Labeled

Labels are such an ugly business. We label people we come in contact with so quickly. We label people we have relationships with so quickly. We label ourselves.

How many times do we see someone at a store who doesn’t dress like us, act like us, even smell like us, and we label. We write them off as their clothes, their behavior, their smell. We don’t allow them to be other than what they seem to us.

How often do we look in the mirror and only see the labels that have been placed on us? How many have had a loved one say something hurtful and find ourselves living up, or down, to that comment? How many have looked in the mirror and only been able to see their past, their failure, their shame, their fear.

A broken home. A job termination. A lost friend.

A drug habit. Closet alcoholism. A gambling problem. A porn addiction. Serial one-night-stands.

A self-righteousness that wonders why you have no friends.

Angry, ugly words hurled at a loved one and designed to wound, to destroy, and hurled over and over because you can’t seem to stop yourself.

A fear that keeps you from truly experiencing life and love.

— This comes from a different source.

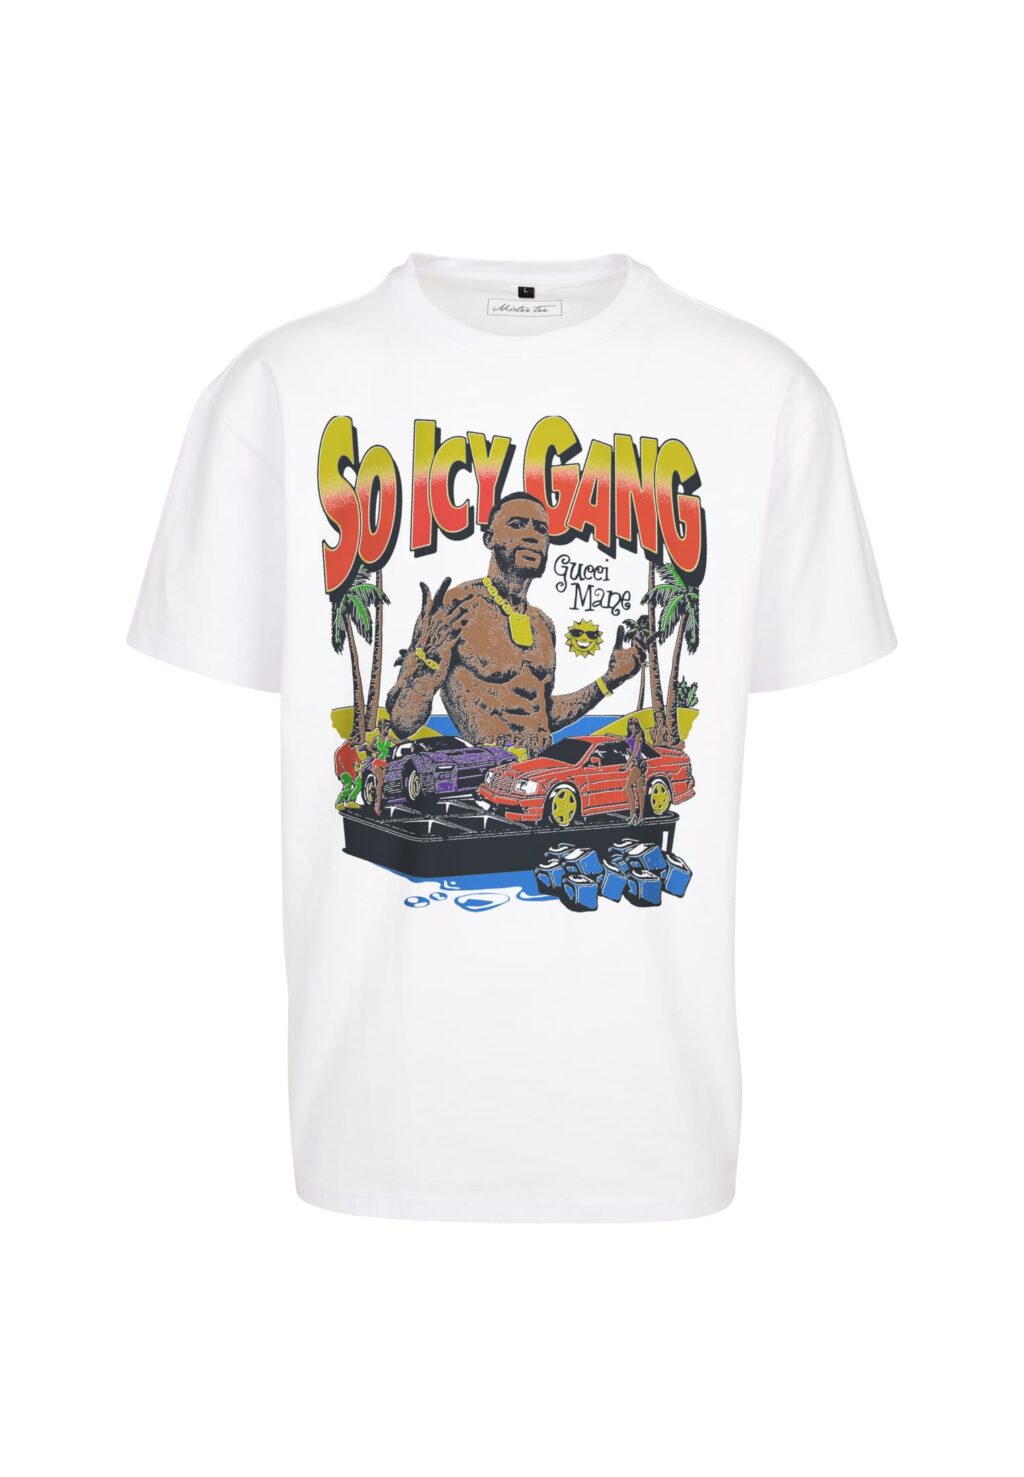 Gucci Mane So Icy Oversize Tee white MT3022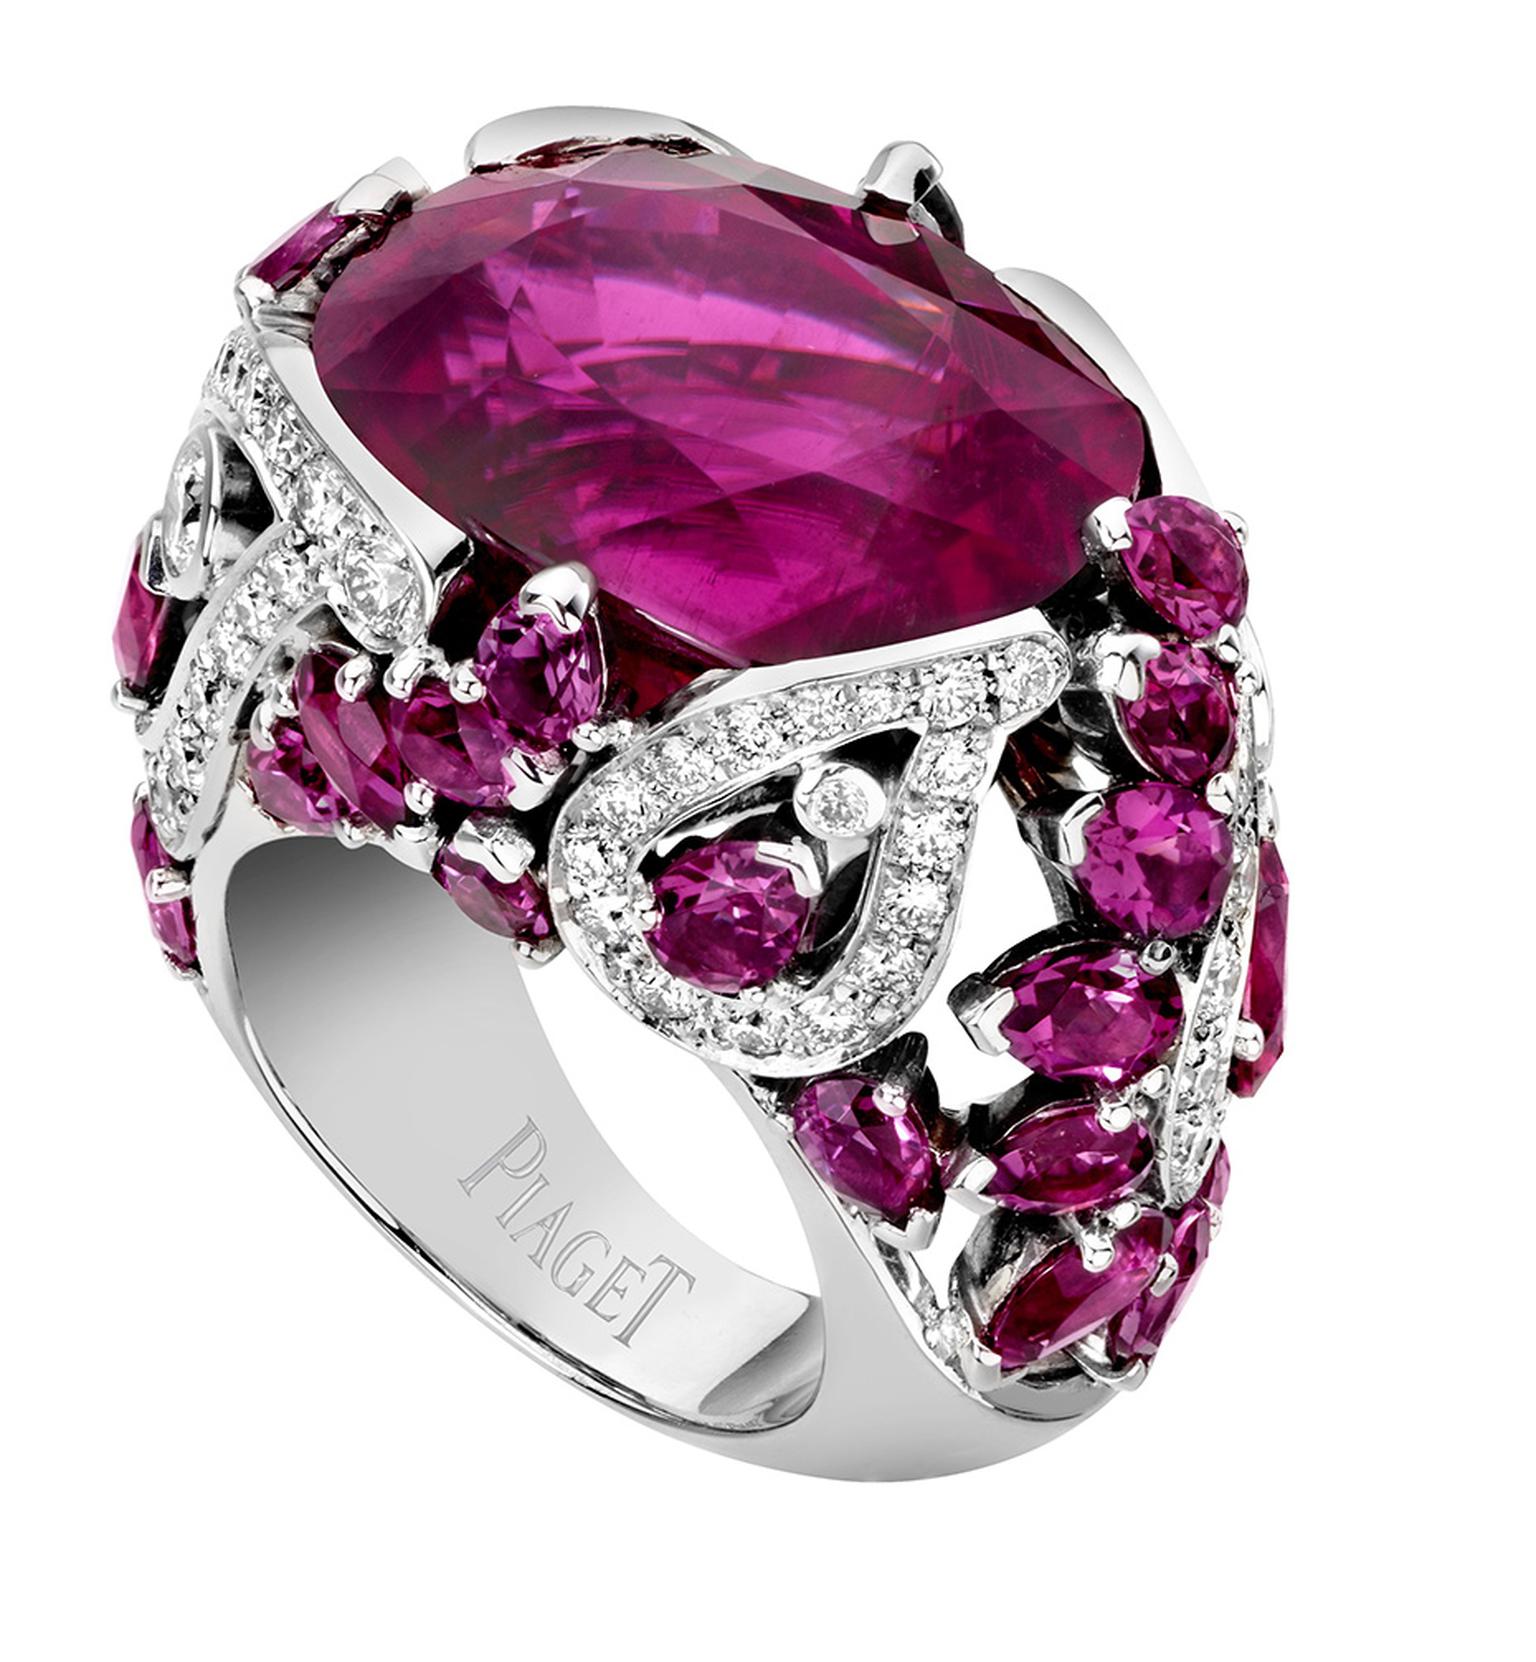 Piaget Limelight Couture Précieuse Ring in white gold with a central cushion-cut rubellite, pear-shaped rubellites and diamonds

We look in the mirror and can only see our flaws. How we’ve hurt others. How we’ve let others down. Over and over again. We look in the mirror and only see our past. And we try and we try and we try again to rise above it but we can’t. It’s sticky and it never seems to fully come off.

We are broken.

I think about how broken I have been. How much ugliness I have seen, participated in, or approved of. How much debauchery I have wallowed in. The friends I’ve walked away from when my choices began to veer away from God. How many people I made uncomfortable with my life choices. How many times I’ve led others into sin, all the while telling them it was okay.

I’ve botched the raising of my daughter by exposing her to things that are contrary to the word of God and even to general societal norms, and put her in a position of having to own that her family of origin is extremely dysfunctional.

I can’t tell you how much I regret that. I’ve made apologies to her, and her gracious response was that she “turned out alright.” She did, but it is by the grace of God and her own God-given determination.

She, along with many other things, was a casualty of the sinful life I lived.

Those casualties are littered along the landscape of my life. A failed marriage, monstrous regret, a damaged reputation…the sin in my life rippled out and affected me and so many others in so many ways.

I damaged the trust of my ex-husband when I cheated on him years ago. It took 4 long hellish years to get back on even ground again. There were lasting effects of that one decision that touched every area of my life. Even now, almost 16 years later, I can still point to certain mindsets that originated with that one decision.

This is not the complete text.